Сэр, имею честь сообщить Вам…
Перечитывая свои слова, Буш заново переживал события прошлого года: эти строчки дались ему с огромным трудом, хотя он и справлялся с чужими донесениями, подыскивая нужные обороты.
Не могу закончить настоящее донесение, не упомянув отвагу и весьма полезные предложения лейтенанта Горацио Хорнблауэра, моего заместителя, которому мы в значительной степени обязаны своим успехом.
А теперь Хорнблауэр играет в карты с капитаном и двумя подрядчиками.
Буш просматривал страницы «Военно-морских хроник». Вот письмо из Плимута, ежемесячный отчет обо всех событиях в порту.
«Поступили приказы следующим судам списать команду…»
«Из Гибралтара прибыли „Диана“, 44 пушки, и „Тамара“, 38 пушек, для списания команды и постановки на прикол».
«„Цезарь“ 80 пушек, отбыл в Портсмут для списания команды…»
«Вчера была большая распродажа корабельных припасов с нескольких военных кораблей».

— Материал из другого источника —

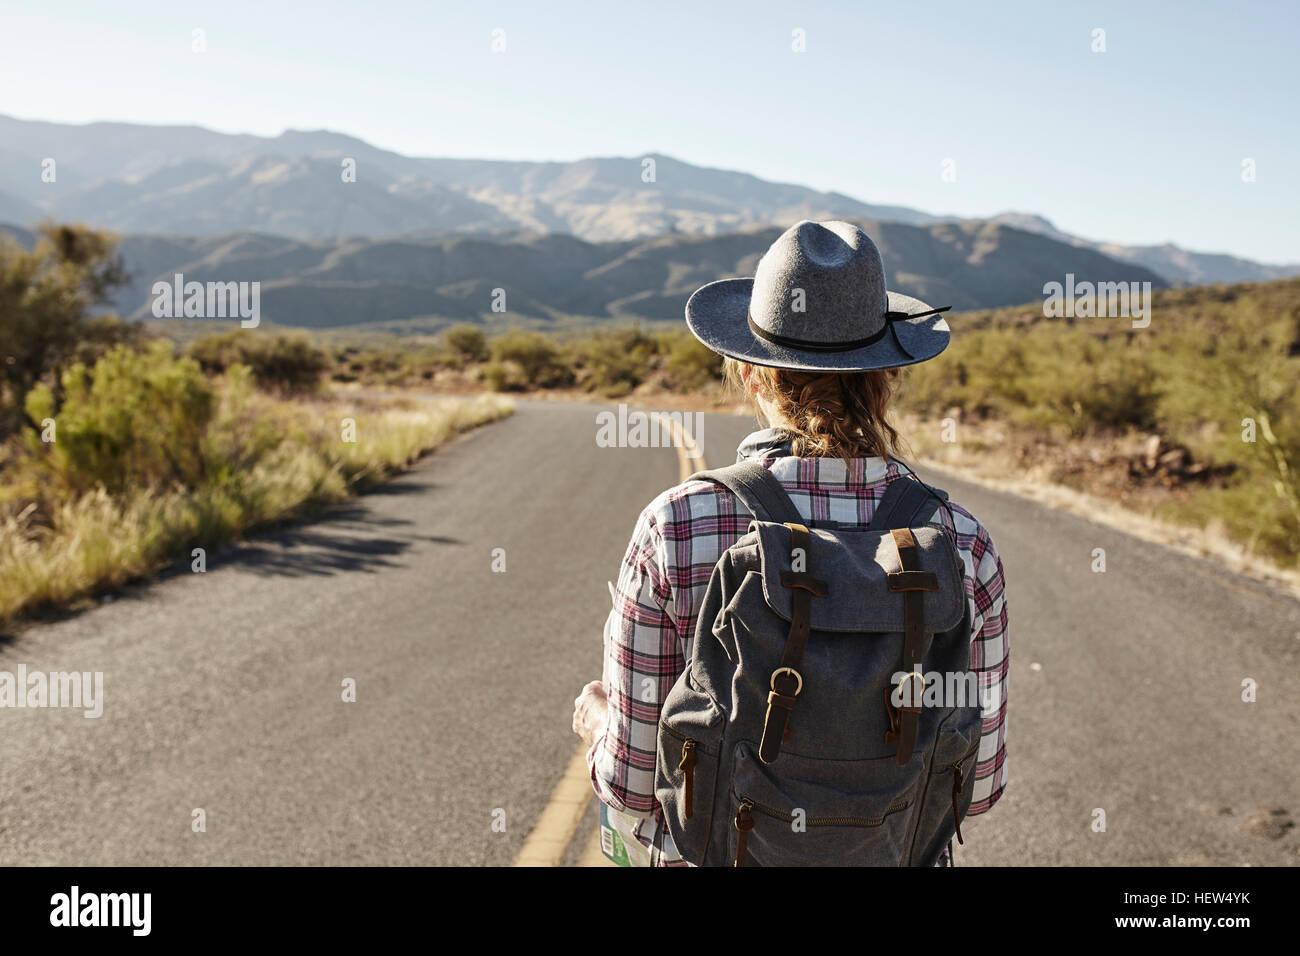 Woman standing in desert road, looking ahead, Sedona, Arizona, USA - Stock Image

Флот сокращается с каждым днем, и с каждого списавшего команду корабля поступает новая партия безработных лейтенантов. «Сегодня вечером в сильное волнение перевернулась рыбачья лодка. В результате прискорбного случая утонули два усердных рыбака, отцы больших семейств». И это «Военно-морские хроники», чьи страницы когда-то украшали вести о Ниле и Кампердауне! Теперь они сообщают о прискорбных случаях с усердными рыбаками. Буш был слишком занят своими мыслями, чтобы посочувствовать их большим семействам.
В конце вновь сообщалось об утопленниках — упомянутое имя привлекло внимание Буша, и он с участившимся пульсом прочел абзац.
Вчера ночью ялик с тендера его величества «Быстроходный», находящегося на таможенной службе, возвращаясь в тумане с сообщениями на берег, был брошен приливной волной на якорный канат торгового судна, стоящего на якоре возле Рыбачьего Носа, и перевернулся. В результате утонули два матроса и мистер Генри Уэллард, мичман. Мистер Уэллард был многообещающим молодым офицером, назначенным на «Быстроходный» после того, как отслужил волонтером на «Славе».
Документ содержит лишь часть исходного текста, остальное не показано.